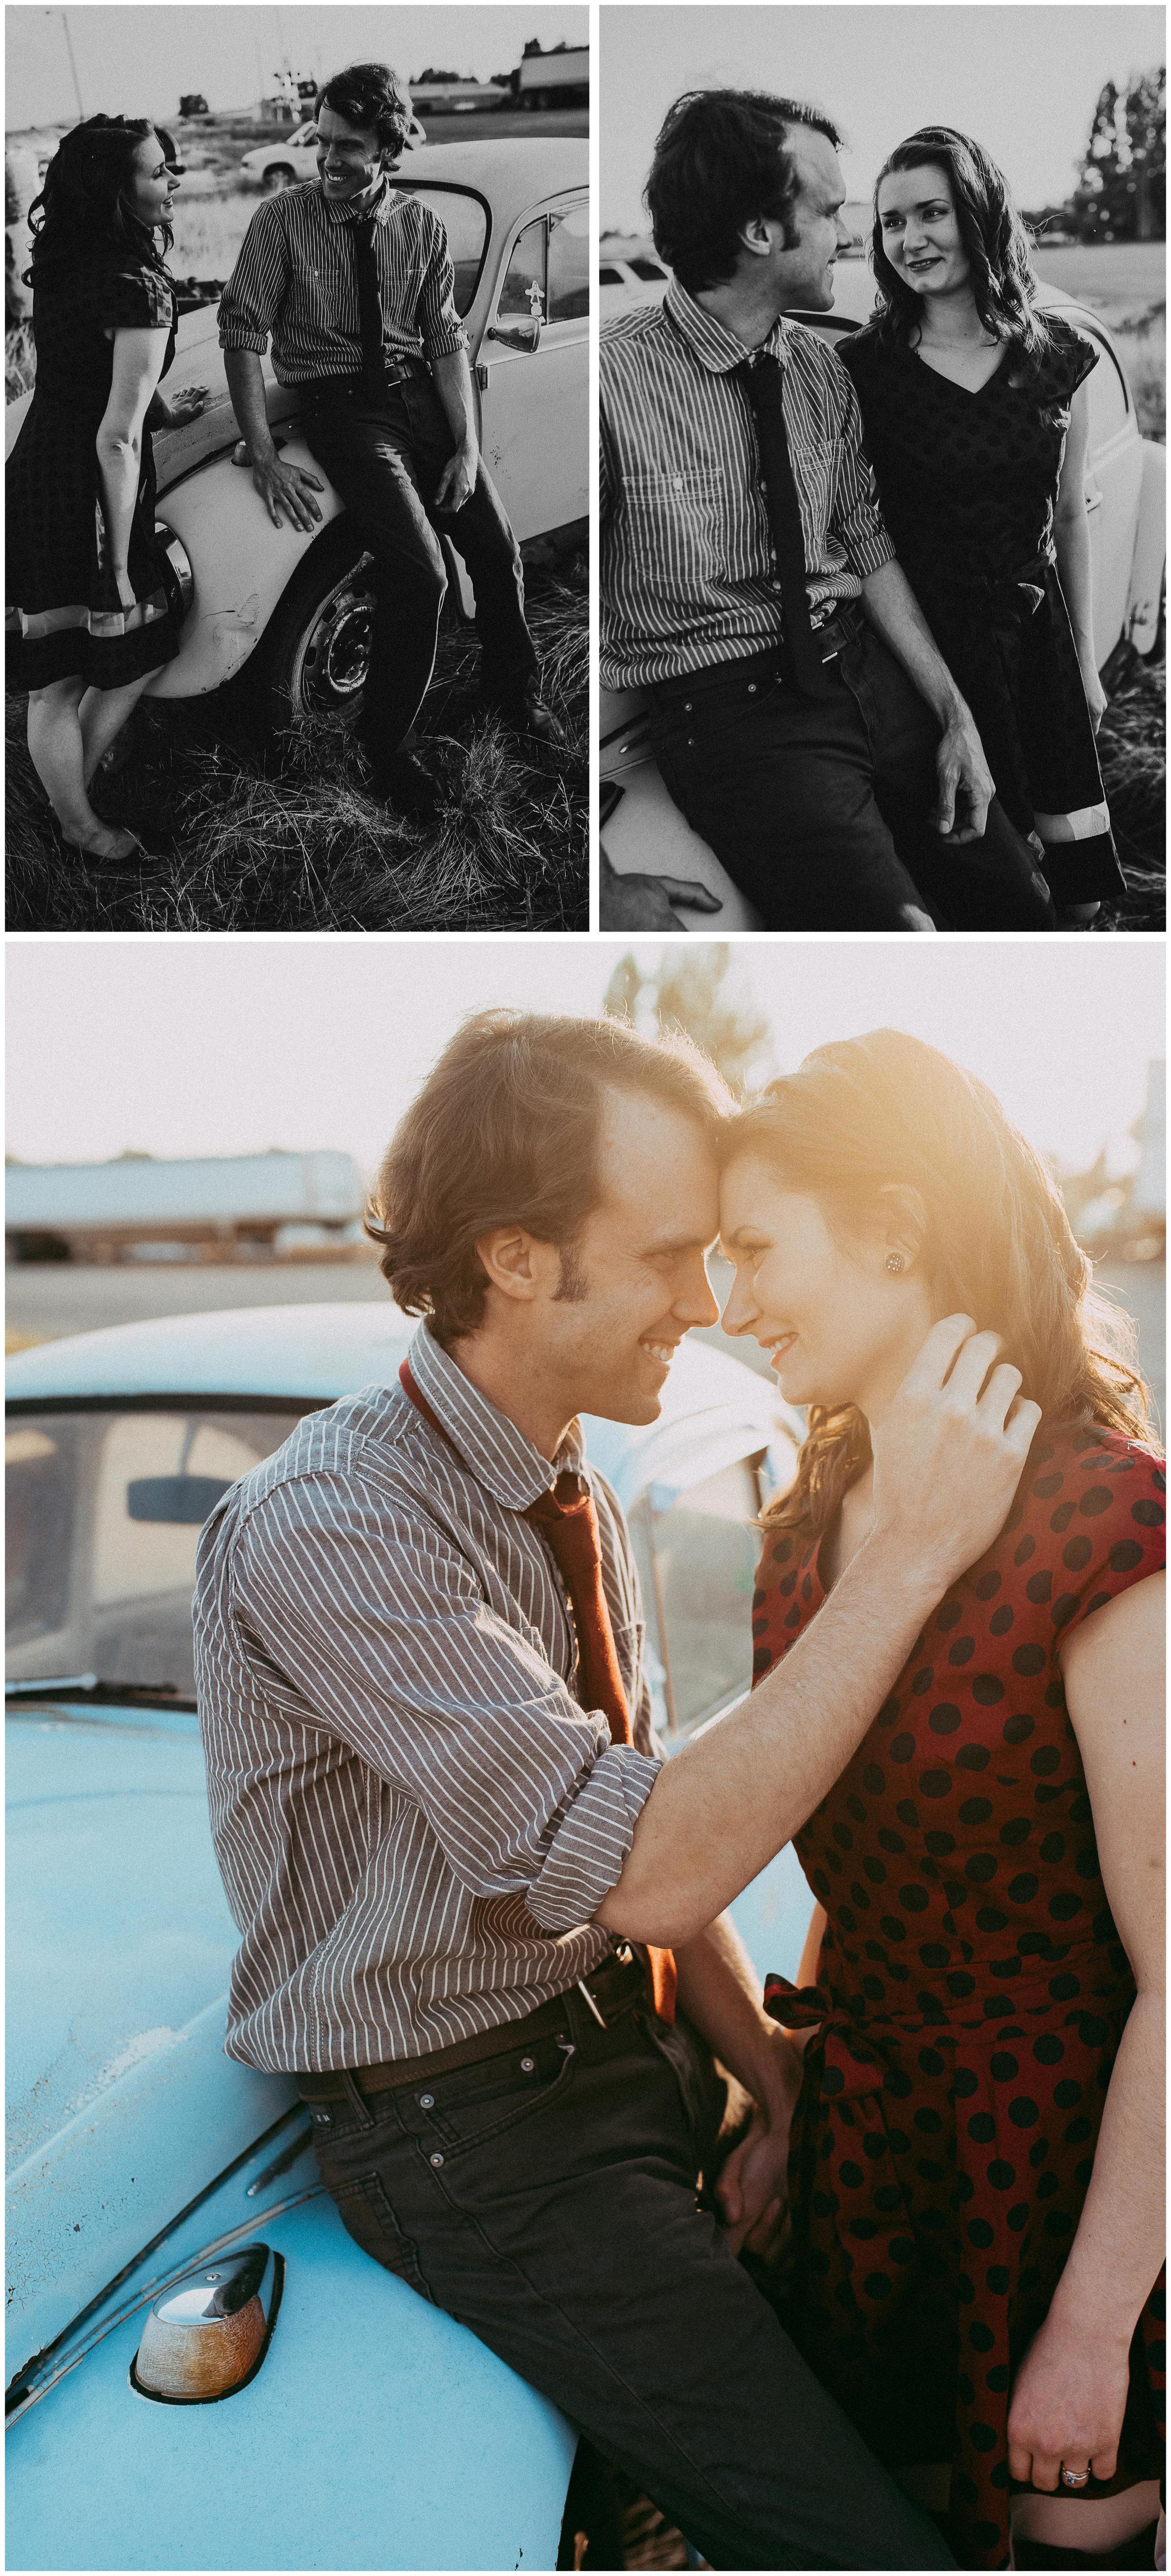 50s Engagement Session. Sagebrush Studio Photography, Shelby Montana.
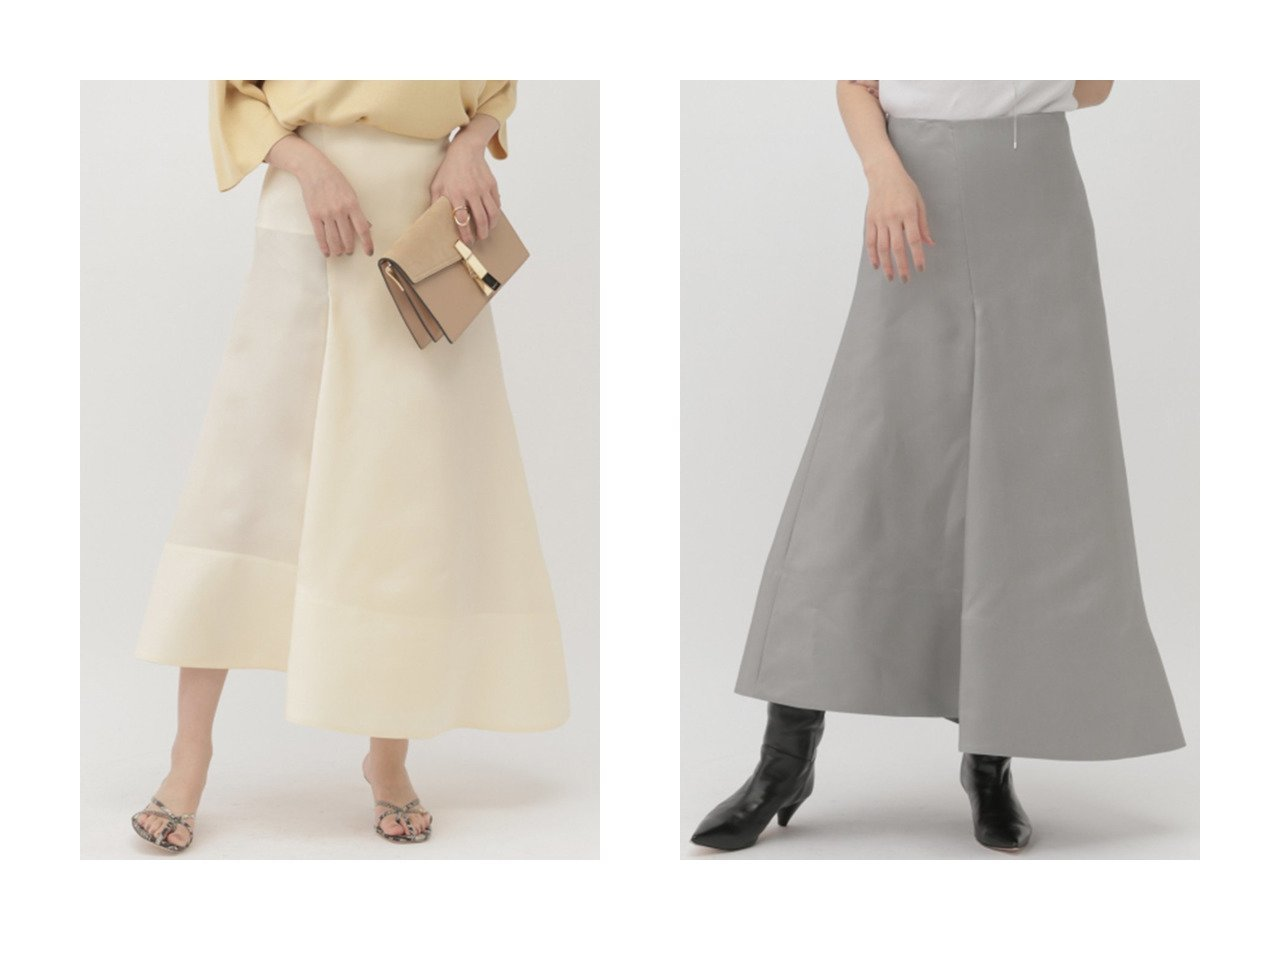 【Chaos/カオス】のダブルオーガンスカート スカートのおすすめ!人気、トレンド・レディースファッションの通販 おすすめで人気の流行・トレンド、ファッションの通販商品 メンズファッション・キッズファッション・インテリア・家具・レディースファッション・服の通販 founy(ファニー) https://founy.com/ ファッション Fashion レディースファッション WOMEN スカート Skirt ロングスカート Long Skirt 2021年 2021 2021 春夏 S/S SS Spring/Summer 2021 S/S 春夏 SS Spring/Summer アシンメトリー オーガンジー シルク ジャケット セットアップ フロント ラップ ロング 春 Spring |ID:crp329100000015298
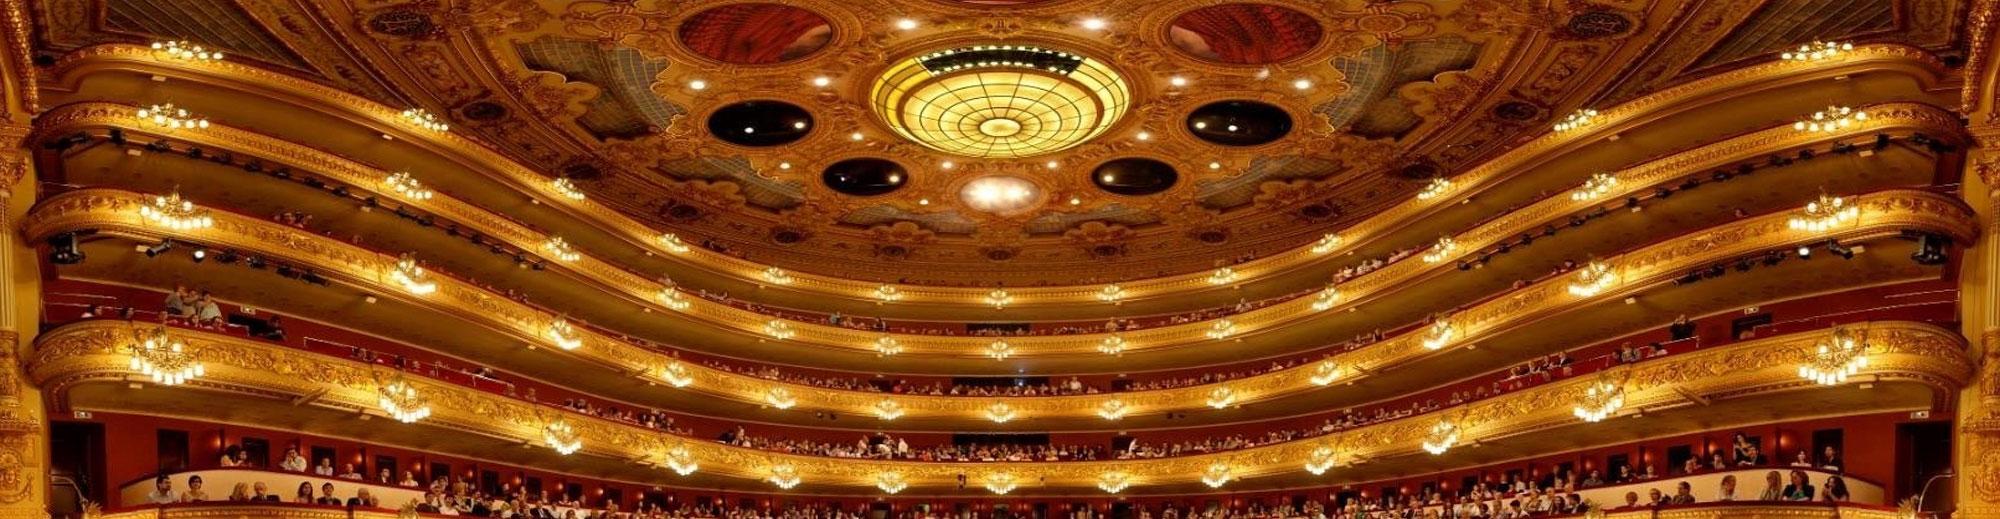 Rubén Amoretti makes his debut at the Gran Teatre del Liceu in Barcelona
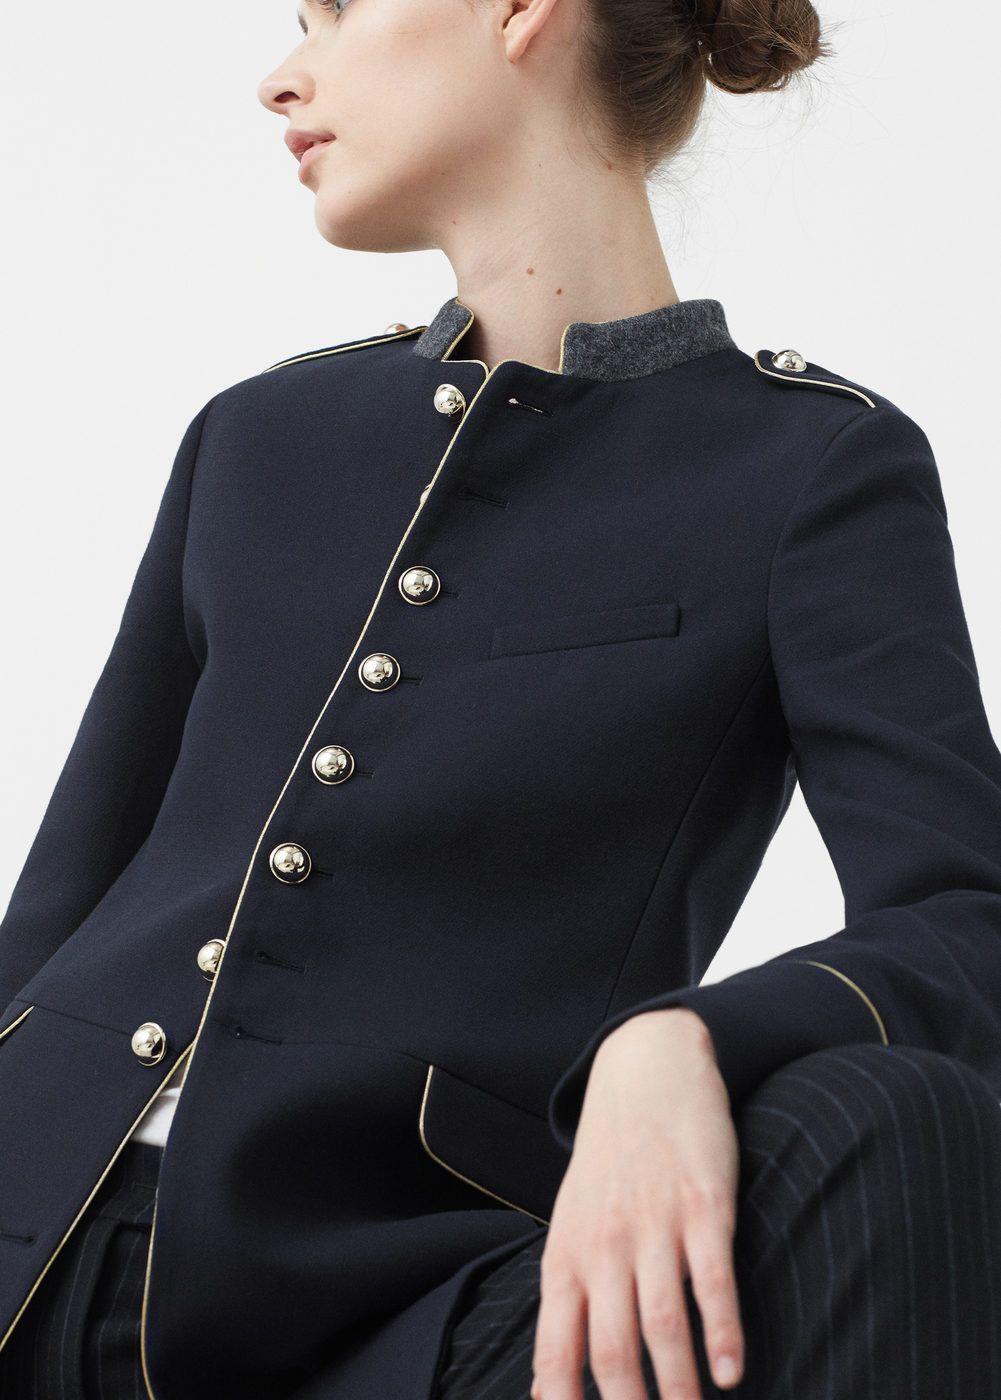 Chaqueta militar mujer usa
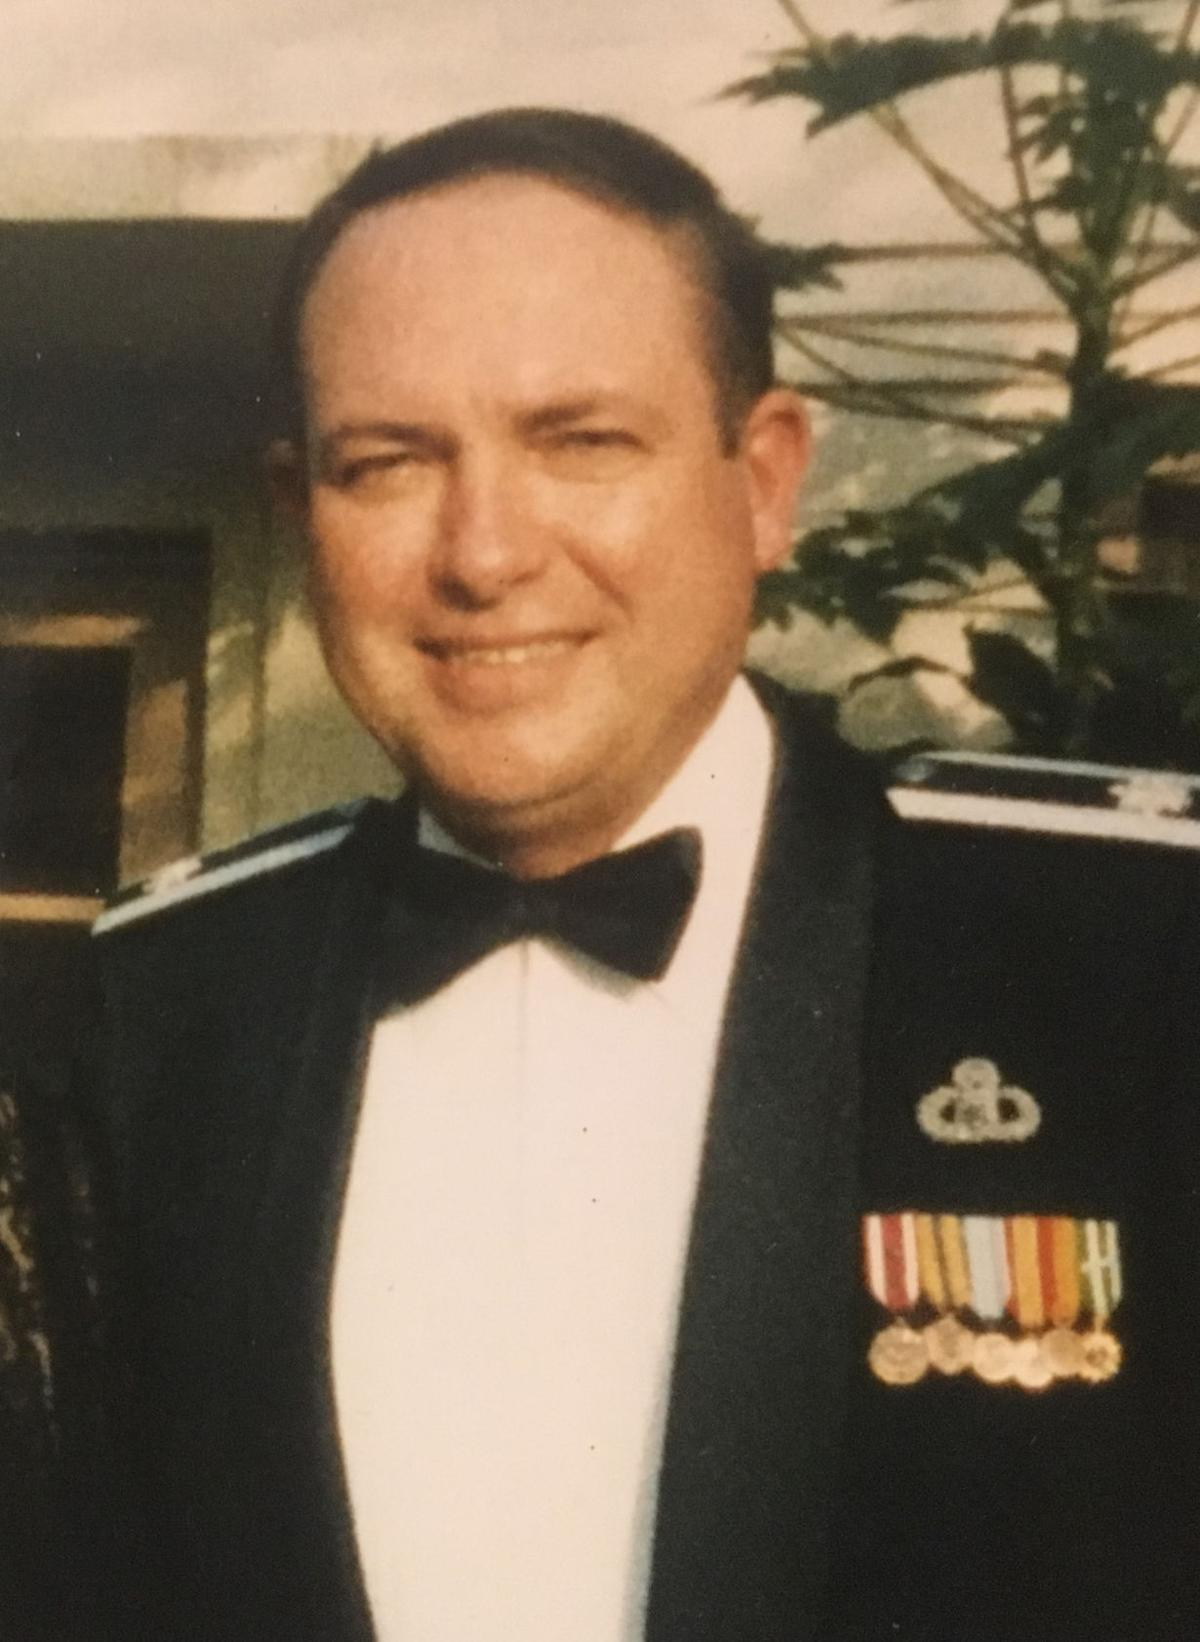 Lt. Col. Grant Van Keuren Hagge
_ _ _
> **Task goal**:
Only the lines from the one containing "春 Spring |ID:crp329100000015298" through the final line of the entries belong in the copy, both ends included. Pictures stay out.

> **Solution to this exercise**:
 【Chaos/カオス】のダブルオーガンスカート スカートのおすすめ!人気、トレンド・レディースファッションの通販 おすすめで人気の流行・トレンド、ファッションの通販商品 メンズファッション・キッズファッション・インテリア・家具・レディースファッション・服の通販 founy(ファニー) https://founy.com/ ファッション Fashion レディースファッション WOMEN スカート Skirt ロングスカート Long Skirt 2021年 2021 2021 春夏 S/S SS Spring/Summer 2021 S/S 春夏 SS Spring/Summer アシンメトリー オーガンジー シルク ジャケット セットアップ フロント ラップ ロング 春 Spring |ID:crp329100000015298
 Rubén Amoretti makes his debut at the Gran Teatre del Liceu in Barcelona
 Chaqueta militar mujer usa
 Lt. Col. Grant Van Keuren Hagge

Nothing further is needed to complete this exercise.